También aquel incidente quedó como un secreto entre muy pocos. Hasta este momento, en que me ha parecido oportuno evocarlo ante la imprevisible carrera de armamento civil y militar que está padeciendo Colombia. De una manera u otra, con mayor o menor intensidad, con diferentes motivos y razones distintas, mi país ha vivido una guerra interna con cuentagotas desde el primer instante de su ser natural. De modo que ha sido siempre un país de gente armada, y me temo que sea esa su naturaleza real, por debajo del manto de legalismo con que tratamos de convencer al mundo, e inclusive a nosotros mismos. No parece probable que en ningún otro país haya tanta gente armada, ni con tantos ánimos para usar sus armas. Al término de la guerra de los mil días, en 1903, los coróneles menores de edad y de ambos bandos volvieron a los colegios con sus armas al cinto, y no faltaban los que se trenzaban a tiros por un pleito de trompos durante el recreo. Mi abuelo, que era un coronel revolucionario con vocación pacífica, durmió siempre con el revólver debajo de la almohada, y para mi era algo cotidiano desde que tengo recuerdos que todo el que entrara en la casa y saliera de ella llevara sus armas a la vista en los tiempos intrépidos de Aracataca. Supongo que lo único que ha cambiado desde entonces es que ahora se llevan un poco más escondidas.

Sin embargo, creo que nunca como en los últimos tiempos ha habido una aceleración más inquietante del armamentismo nacional. Si no recuerdo mal', fue el mismo general Camacho Leyva quien recomendó hace unos tres años a los civiles pacíficos que aprendiéramos a defendernos de agresiones que las autoridades no estaban en condiciones de prevenir o contrarrestar. Aquello fue como el anuncio de lanzamiento de una nueva marca de pomada con virtudes afrodísiacas, pues el propio Instituto de Industrias Militares abrió a los civiles su tienda bien surtida de armas para matar.

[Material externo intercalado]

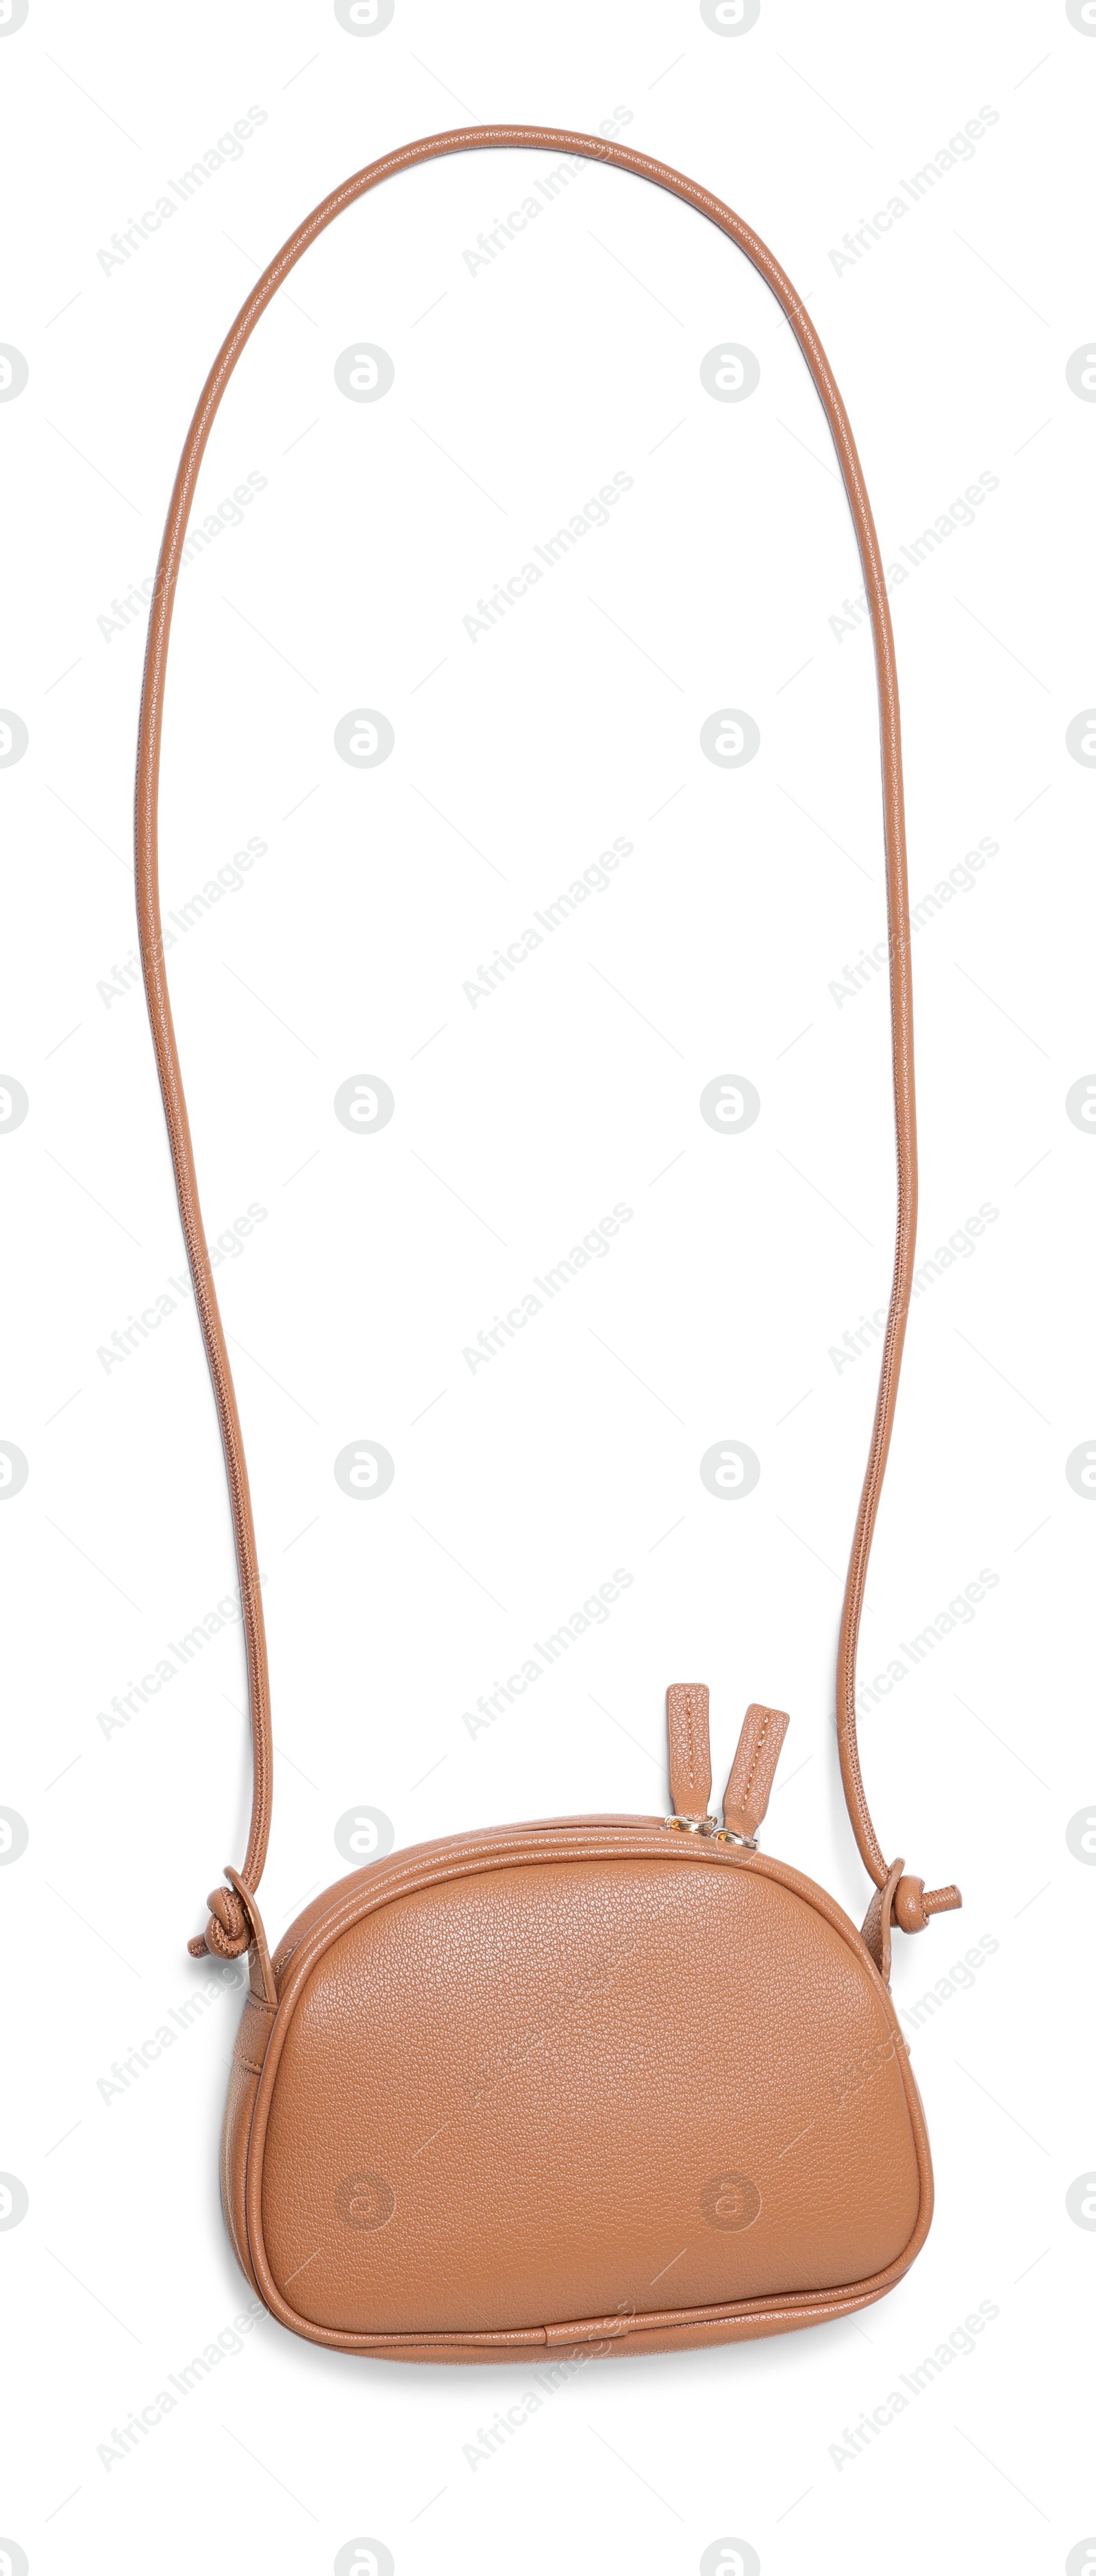 Photo of Stylish light brown leather handbag isolated on white, top view

Las exigencias no eran más difíciles que las necesarias para obtener un pasaporte, y según mi datos de hace dos años, se vendían con sus licencias respectivas hasta doscientas armas diarias. Esto quiere decir que desde el anuncio de promoción del general Camacho Leyva deben haberse vendido unas 200.000 armas cortas con licencia, y sólo en el almacén de Bogotá. Más aún: en condiciones especiales, una persona puede adquirir un arma corta y otra larga, de modo que el cálculo puede ser insuficiente. Y todo esto sin contar las armas sin licencia, que son las que más se venden.

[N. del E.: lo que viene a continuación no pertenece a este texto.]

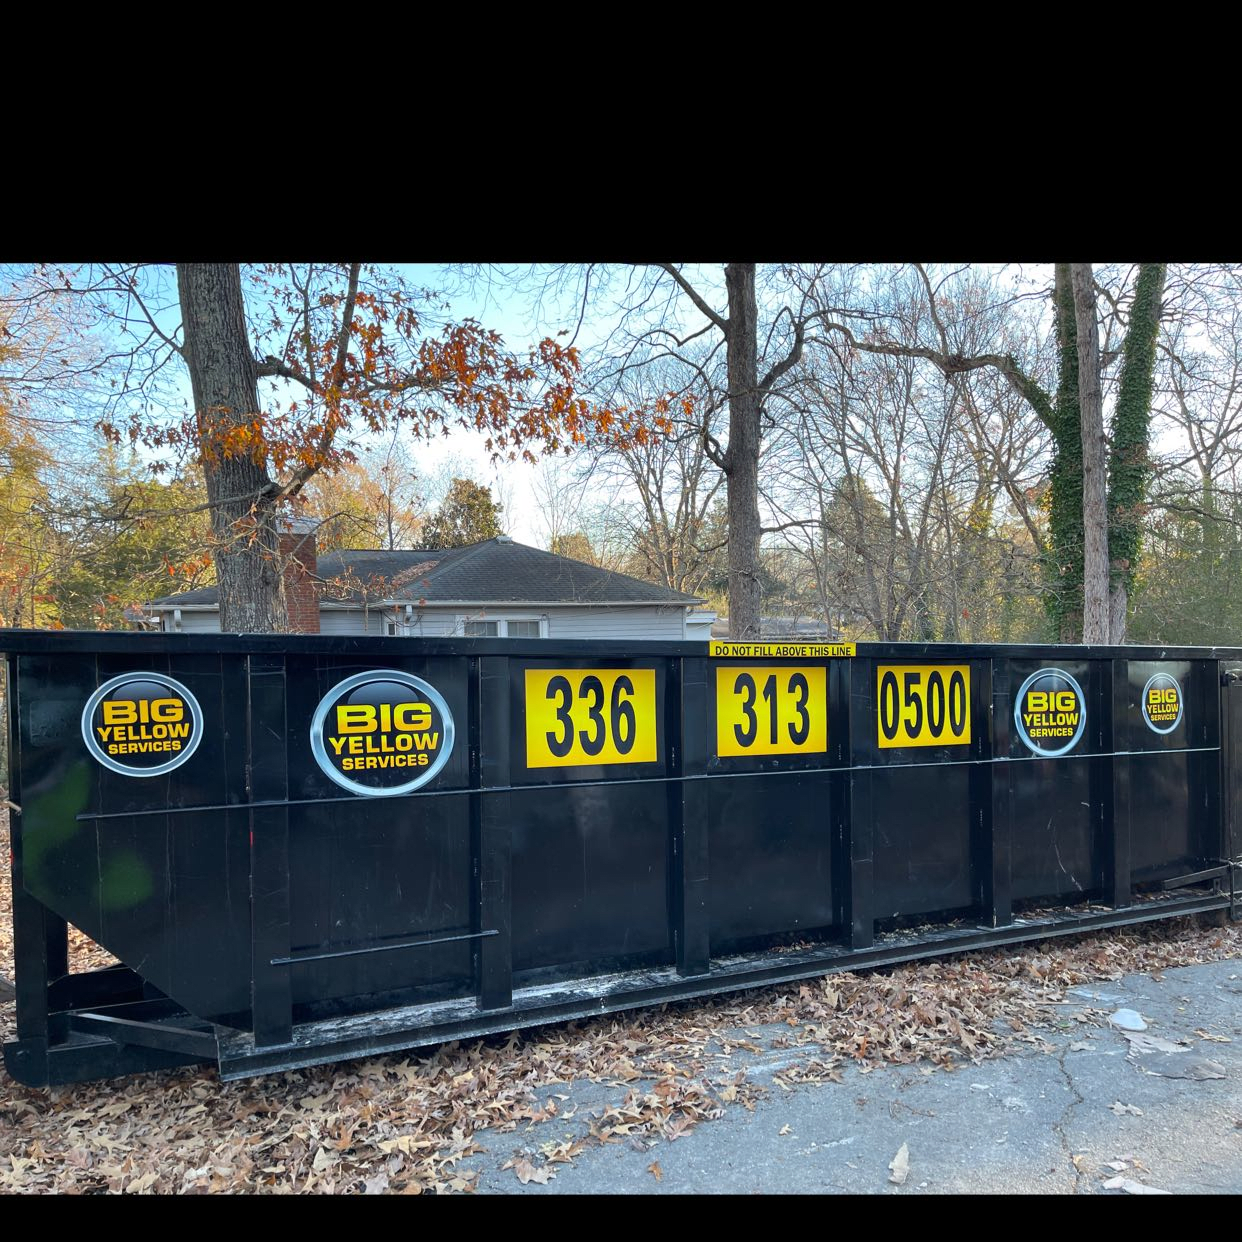 Asheboro, NC 27203 30yard dumpster rental services Privacy Policy
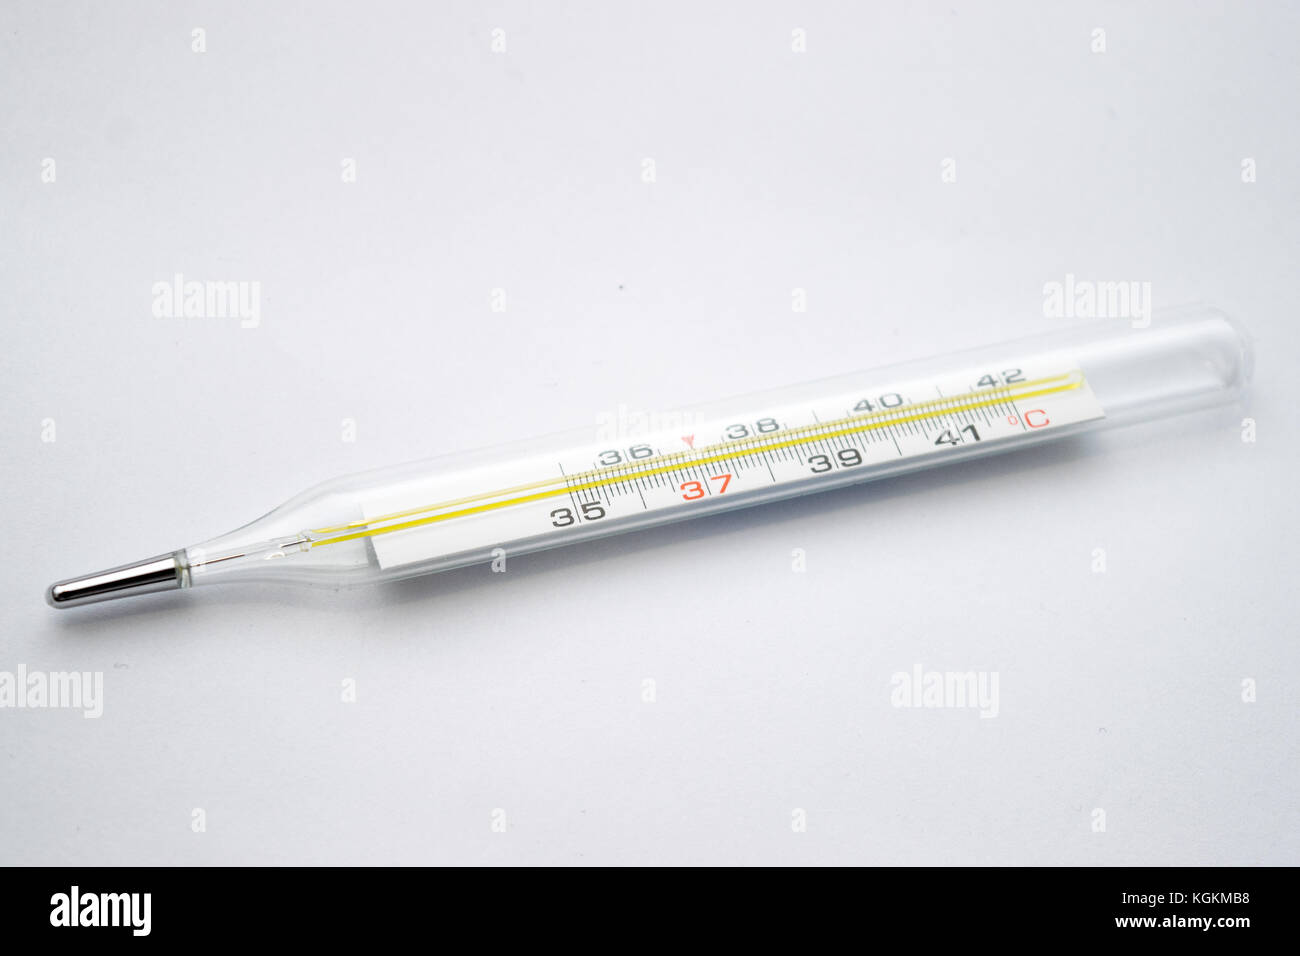 https://c8.alamy.com/comp/KGKMB8/glass-mercury-thermometer-for-measuring-the-temperature-of-the-human-KGKMB8.jpg

Un amigo mal pensado me decía hace algunos años en Bogotá que bastaba poner de acuerdo a todos los porteros y celadores del país para tener un pie de fuerza civil tan numeroso como el militar. No es fácil saber cuántos hay, pero es, sin duda, uno de los oficios más solicitados y tal vez de los mejor pagados en estos malos tiempos. Más que espacio y comodidad, en los edificios de apartamentos de las ciudades de Colombia se está vendiendo seguridad armada. La suma es astronómica: entre los militares, guerrilleros urbanos y rurales, los terroristas, los traficantes de droga y de todo lo demás, los contrabandistas de toda índole, los atracadores comunes, los asesinos a sueldo, los celadores y guardaespaldas, y los ya incontables civiles de buena índole con licencia para no dejarse matar, tal vez los escritores somos de los pocos colombianos que ya no tenemos más armas que la máquina de escribir. Es un arsenal de proporcioones incalculables, cuyas posibilidades de destrucción ponen la carne de gallina. El tema es bien conocido, desde luego, pero no me ha parecido nada superfluo pedir a los lectores aunque sean cinco minutos de reflexión sobre el propósito sobrecogedor del general Omar Torrijos, un militar de buen corazón que tenía más de visionario que de guerrero.